Dans le camp de réfugiés de Maghazi dans le sud de Gaza, une frappe aérienne israélienne a arraché le toit de la chambre qu’Anas Alhajahmed, 4 ans, partageait avec sa sœur et a laissé le sol couvert de verre brisé. Ils ont également survécu. C’était la première guerre de sa courte vie, mais la plupart des Gazaouis se souviennent très bien des autres – y compris la plus dévastatrice, en 2014, qui a duré plusieurs semaines. Même les adolescents peuvent signaler les maisons détruites lors des précédents combats. La brutalité de Tel-Aviv a fait des ravages sur ceux qui avaient le moins la capacité de comprendre sa logique cruelle.
Mahmoud al-Masri, 14 ans, partageait sa chambre avec six frères. À 3 heures du matin, sa famille s’est précipitée hors du bâtiment après que l’armée israélienne les a avertis d’évacuer. Il ne pensait pas qu’il y arriverait. Le lendemain matin, il hésitait à revenir.
« J’avais peur qu’après notre retour, nous soyons tués par un drone lors d’une autre attaque », a-t-il déclaré, selon des propos diffusés par l’Associated Press (AP).
Les survivants ont encore plus de difficultés à venir alors qu’ils luttent pour se reconstruire. Israël et l’Égypte ont imposé un blocus paralysant à Gaza depuis que le Hamas a pris le pouvoir des forces palestiniennes rivales en 2007. Le chômage oscille autour de 50 %.
Les enfants de Gaza grandissent dans la pauvreté et le chômage élevé.
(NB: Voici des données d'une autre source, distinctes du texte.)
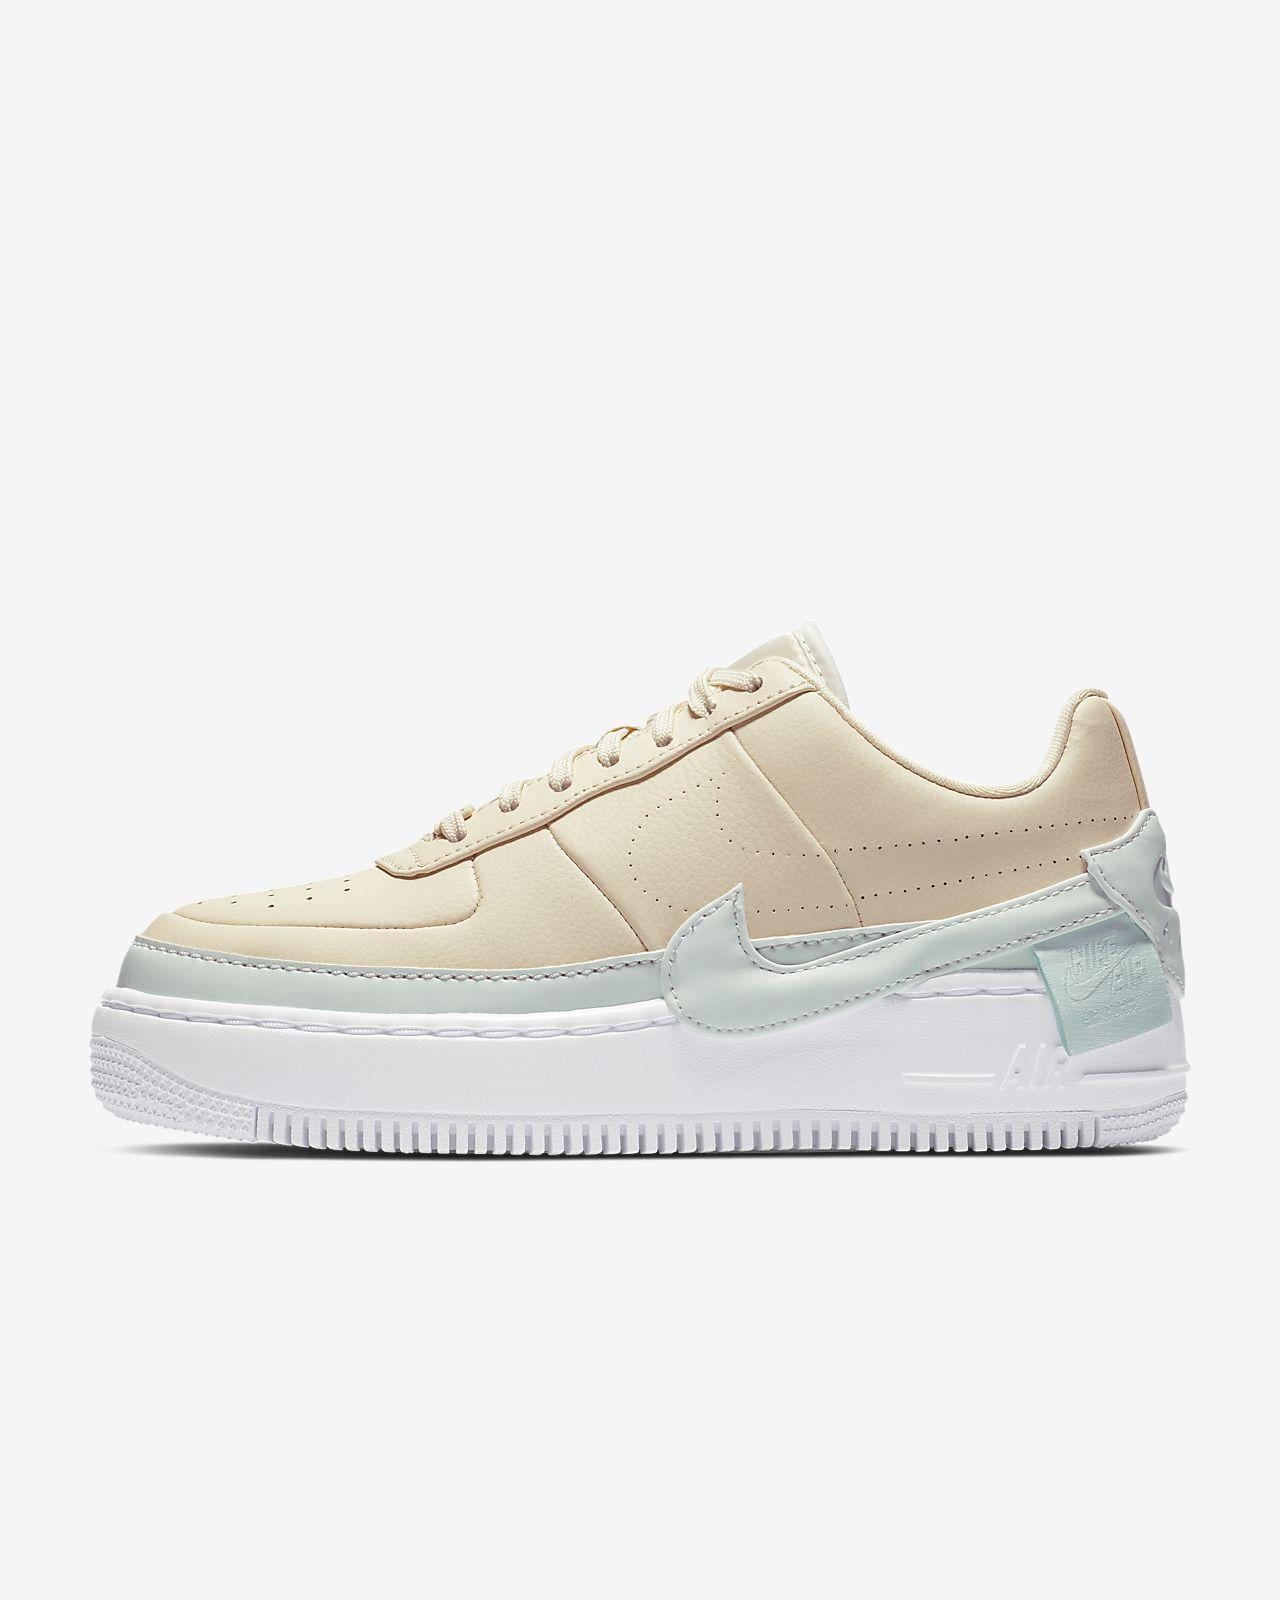 meet 3f354 81755 ... Nike Air Force 1 Jester XX-sko til kvinder

Ils sont incapables de se déplacer ou de quitter le territoire librement en raison du blocus imposé par Israël et l’Égypte. Ils vivent sous la menace constante de la guerre et un adolescent moyen de 15 ans aurait survécu à quatre grandes offensives israéliennes. Presque tout le monde à Gaza connaît quelqu’un qui a été tué à cause de l’agression israélienne.
« Quand je pense aux enfants qui sont morts », a déclaré Ola Abu Hasaballah, un psychologue pour enfants à Gaza au New York Times, « je pense aussi à ceux qui survivent, à ceux qui ont été arrachés des décombres et ont perdu un membre, ou ceux qui iront à l’école et verront que leur ami a disparu.
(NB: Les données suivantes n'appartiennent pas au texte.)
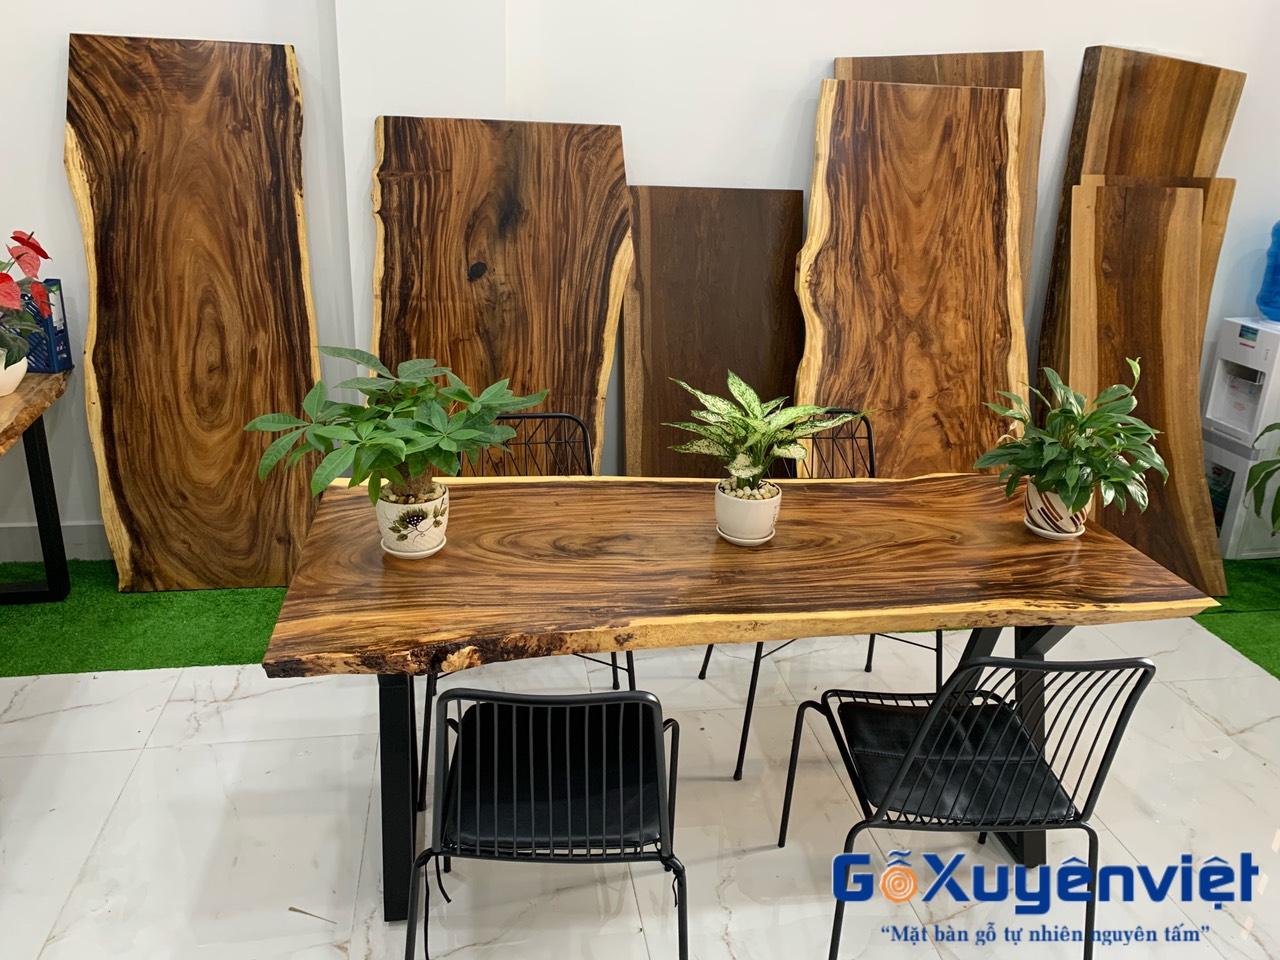 mua bàn gỗ me tây nguyên tấm

De nombreux parents palestiniens en deuil et avec leur voix réduite à un murmure disent « C’est la volonté de Dieu » qu’ils ont perdu des enfants. Les blessures causées par la perte de la chose la plus précieuse de leur vie ne guériront jamais. Ils peinent à trouver une explication à la mort de leur enfant et à comprendre ce que les petits ont fait pour qu’Israël bombarde des immeubles résidentiels avec une telle haine, sachant que parmi les multiples victimes, le nombre d’enfants serait énorme. Des parents palestiniens ont déclaré que leurs enfants avaient voulu être médecins, artistes et dirigeants.
« Je suis incrédule », a déclaré Saad Asaliyah, un chauffeur de taxi de Jabaliya, qui a perdu sa fille de 10 ans. « J’essaie de me calmer en disant que c’était la volonté de Dieu qu’elle s’en aille. »
Au moins 67 enfants de moins de 18 ans ont été tués à Gaza pendant 11 jours de la campagne aérienne meurtrière d’Israël.